(WHAT TO DO) Starting at the line that contains "Sebastian surft in den Wellen des Pazifiks", retype each line to the end of the listing below. Include both ends, but not the pictures.
══ INFORMATION PROVIDED ══
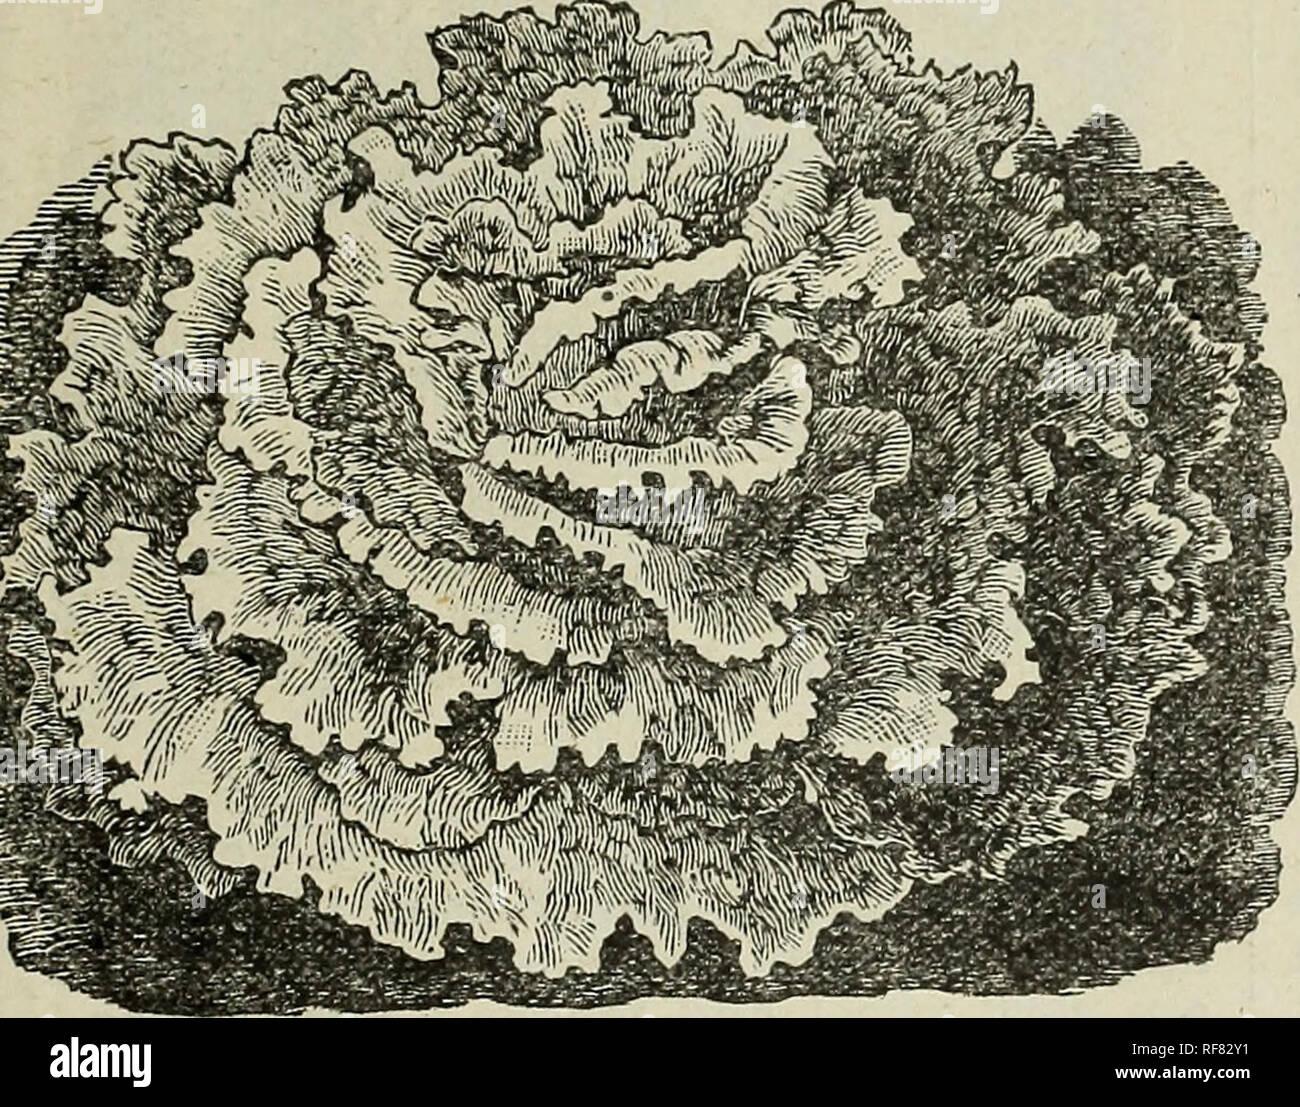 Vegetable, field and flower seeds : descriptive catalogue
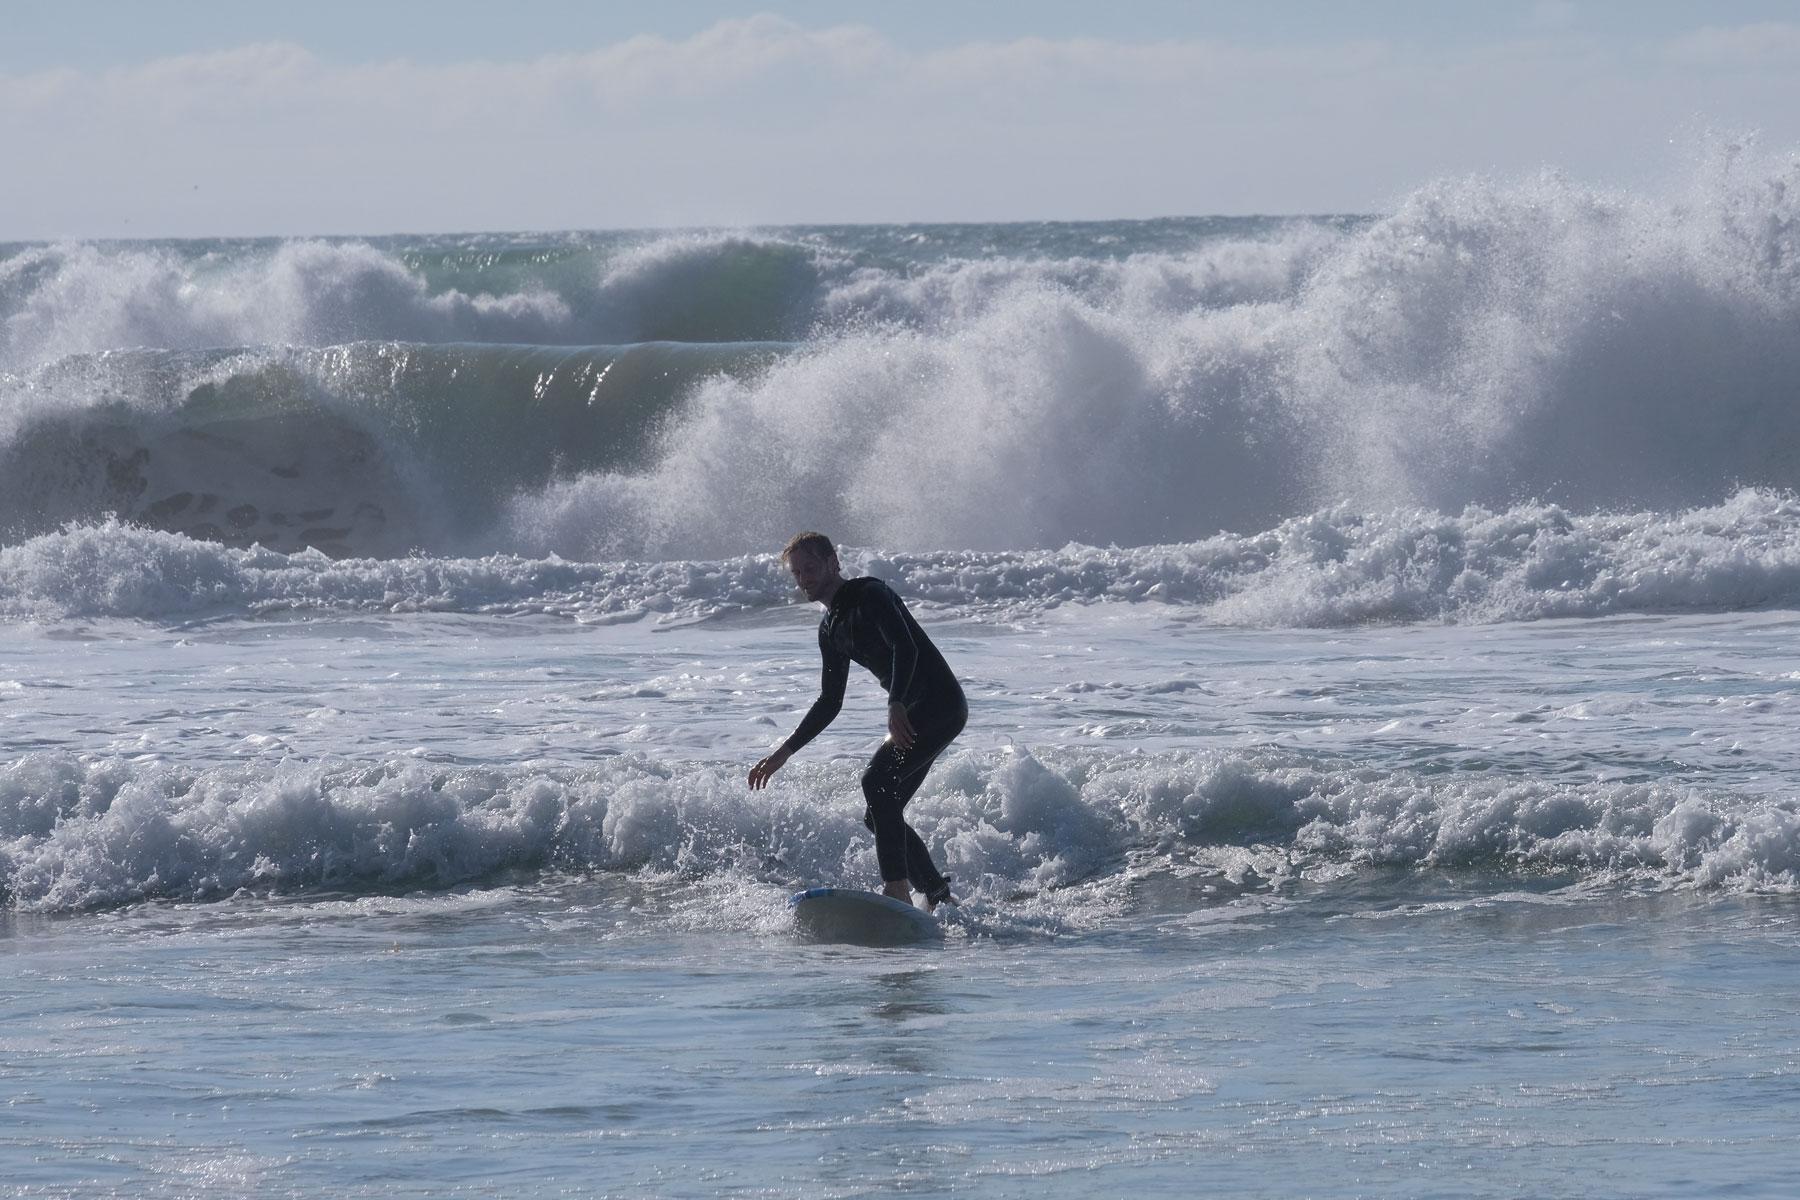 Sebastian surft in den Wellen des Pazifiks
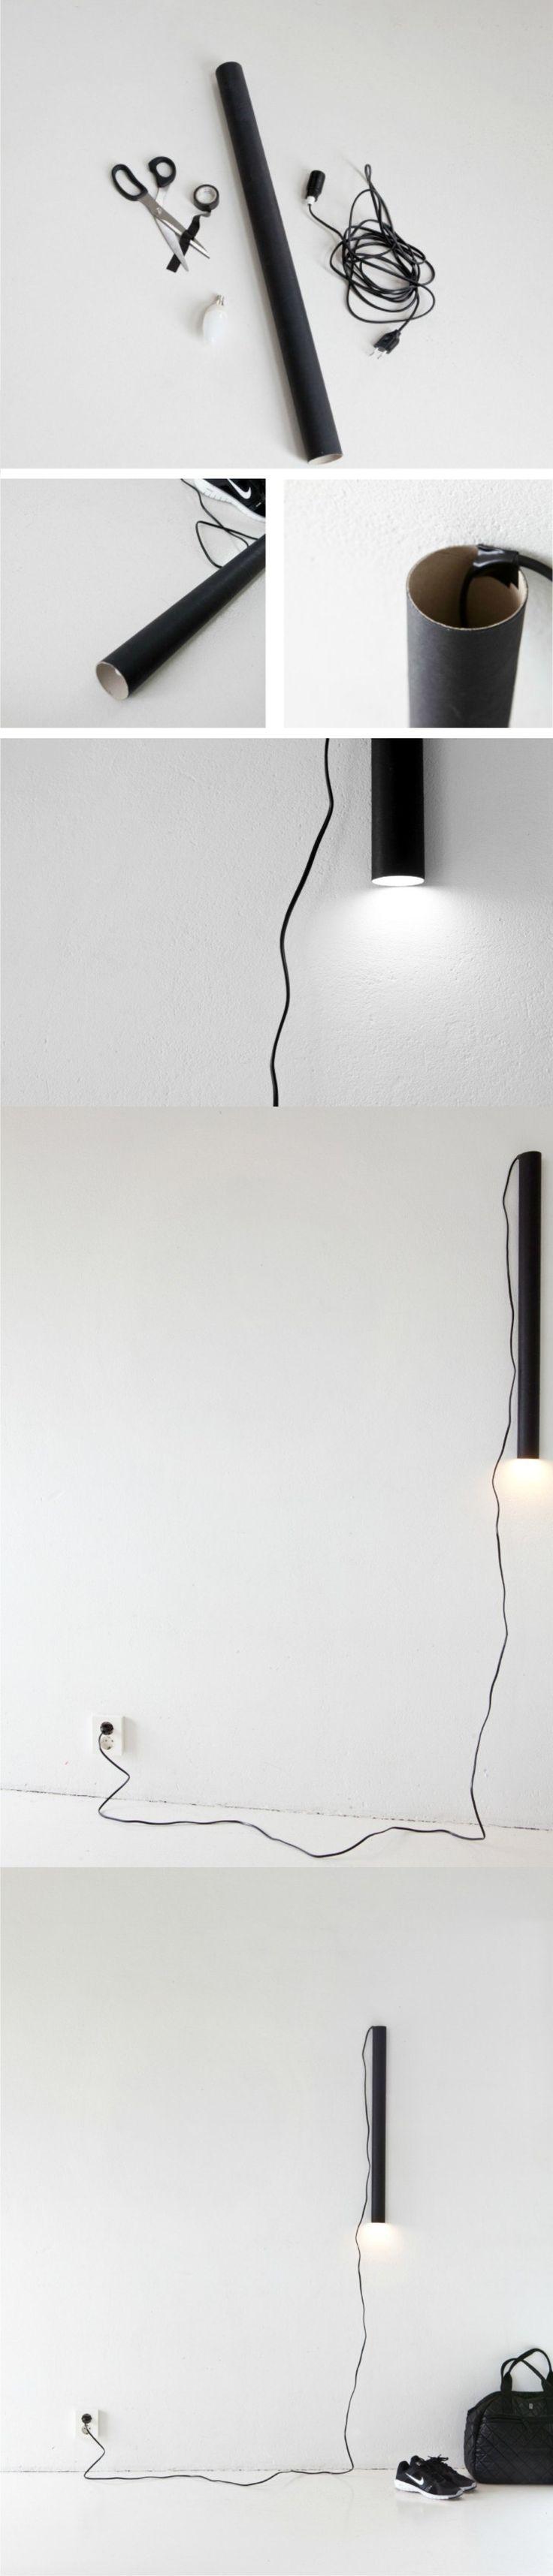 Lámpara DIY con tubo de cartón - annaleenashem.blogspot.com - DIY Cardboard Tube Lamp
═══
(EXERCISE RESPONSE)
 Sebastian surft in den Wellen des Pazifiks
 Lámpara DIY con tubo de cartón - annaleenashem.blogspot.com - DIY Cardboard Tube Lamp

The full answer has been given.